10.Love what you do - and remember to nurture that love. When you're young and just finding your way, your relationship with music is passionate and full of zest and ardor. Over time, setbacks and the less positive side of the business (and it is, ultimately, a business built on an art form) can make one become lazy, jaded, and cynical. It's easy to forget that you used to love the Beethoven Fifth Symphony after you've played it a dozen times or more. That's why it's so important to nurture the basic love for music and performing that you have right now. Spend time regularly investing in that initial stock of love that you have for music, and it will sustain you over the long haul.

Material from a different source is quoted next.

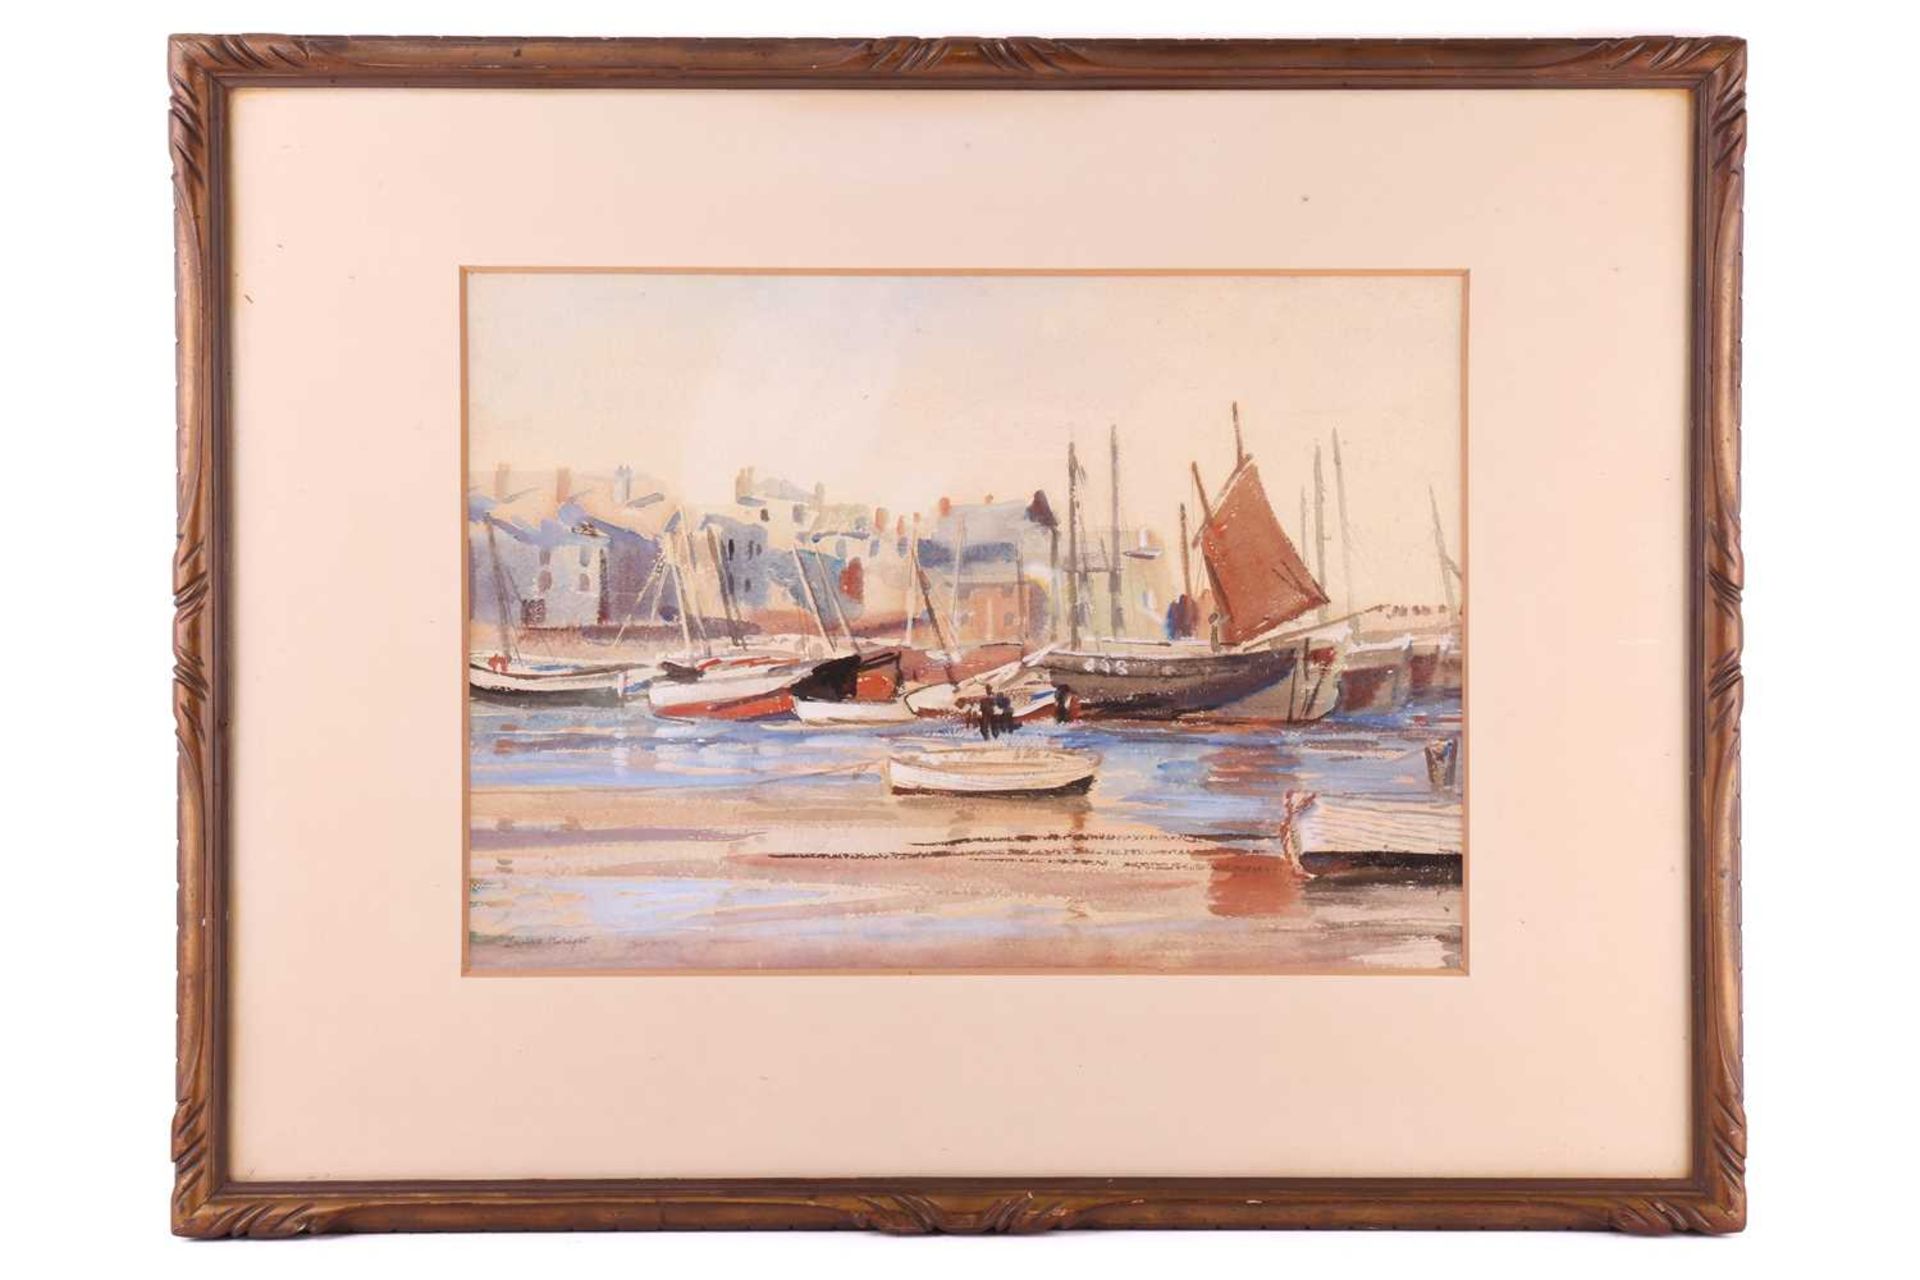 Dame Laura Knight (1877 - 1979), 'No. 1 Fishing Boats' - a harbour scene, signed Laura Knight in pen

I found this link on Joyce Didonatos facebook page and thought I'd share it with you! Hope you find it useful


----------



## Ukko (Jun 4, 2010)

With very minor alterations, it's a guide for 'growing up'.


----------



## Kayla (Oct 21, 2011)

I like music but I am not a musician. The above ten things are not easy to touch for both musician and others, yet I agree with them. 
What a shame that I am not that young and can not play any instruments. ~~


----------



## violadude (May 2, 2011)

Interesting, I have met Charles before on numerous occasions. He's a really nice guy.


----------



## TrazomGangflow (Sep 9, 2011)

This is very insightful.


----------



## classicalmusiclover (Dec 4, 2011)

nicely written


----------